__WHAT IS BEING ASKED__:
Strip out all images, then restate the data verbatim.

__DATA SEGMENT__:
■ ■ ■ ■ ■ ■ ■
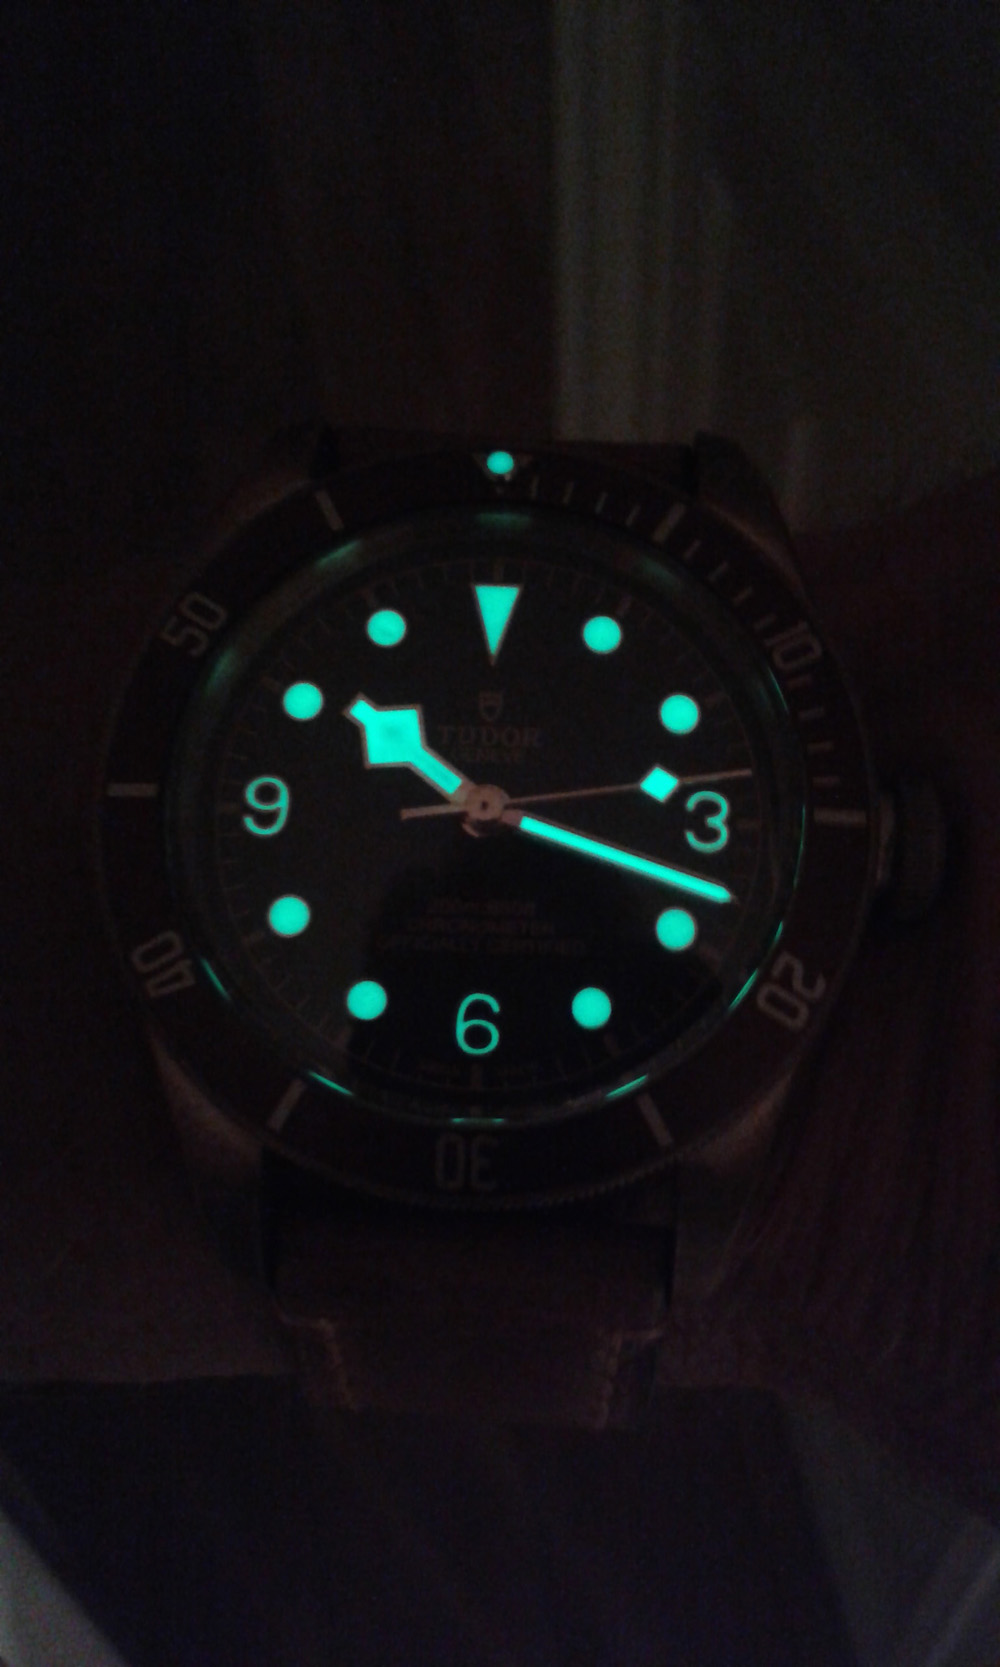 Tudor watch lume dial
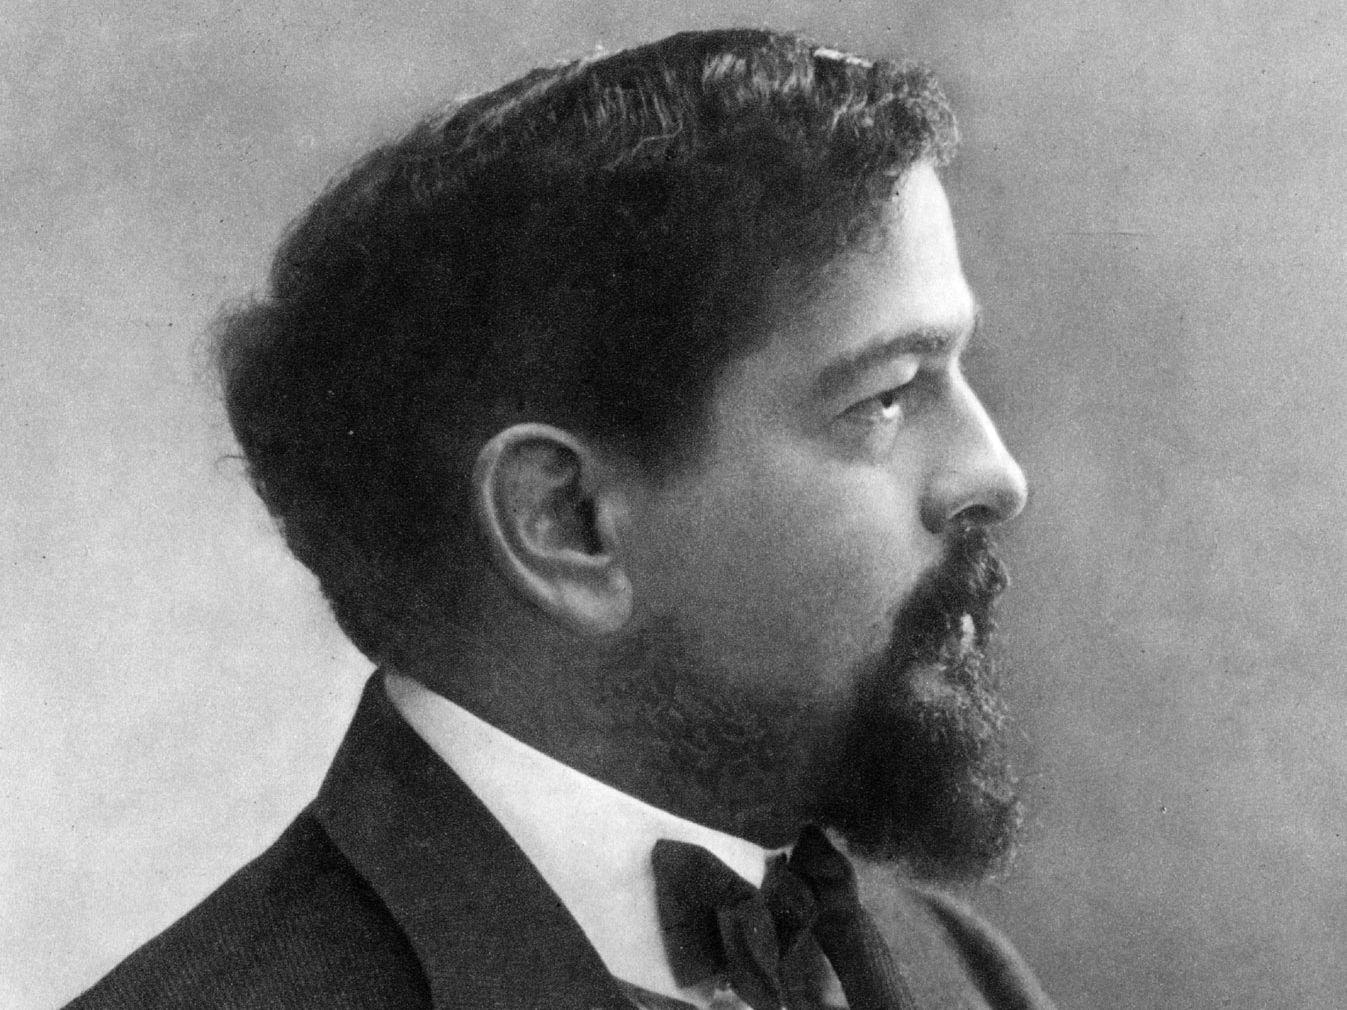 Analysis of Estampes Debussy (Pearson/Edexcel)
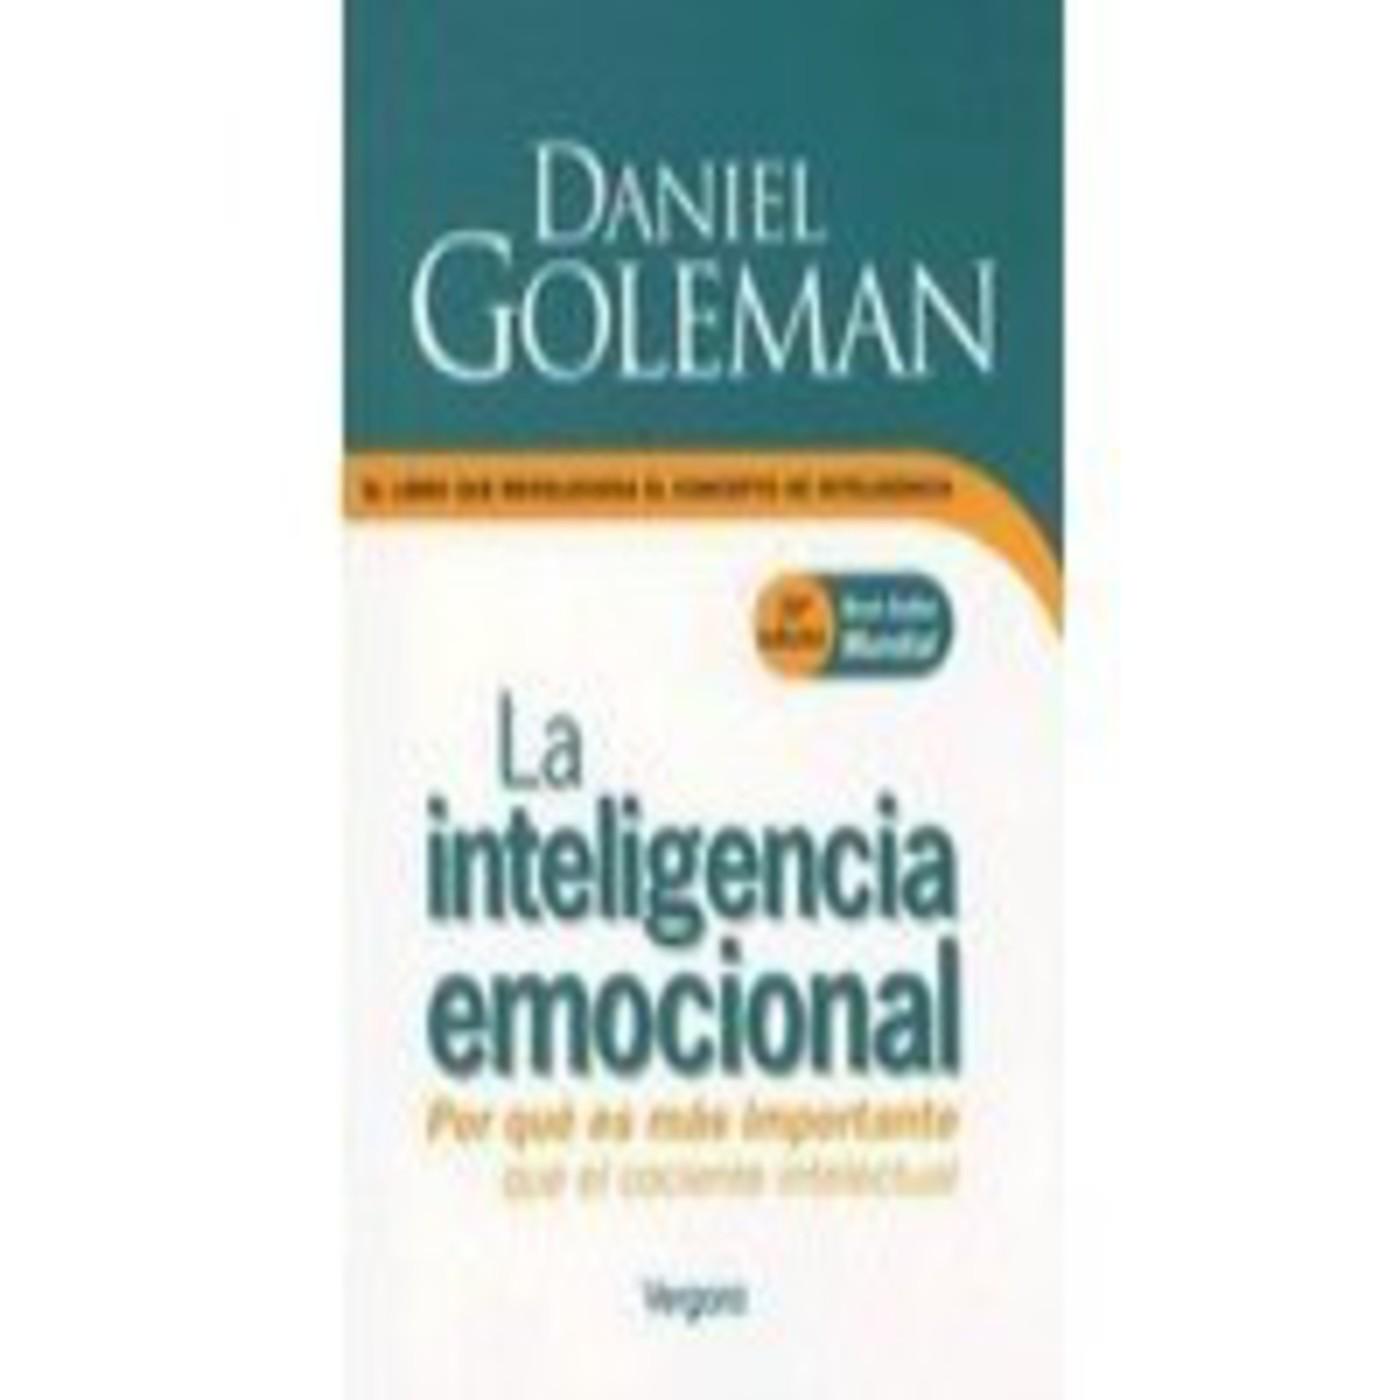 42..INTELIGENCIA EMOCIONAL, Daniel Goleman
■ ■ ■ ■ ■ ■ ■
__OUTPUT FOR THIS TASK__:
 Tudor watch lume dial
 Analysis of Estampes Debussy (Pearson/Edexcel)
 42..INTELIGENCIA EMOCIONAL, Daniel Goleman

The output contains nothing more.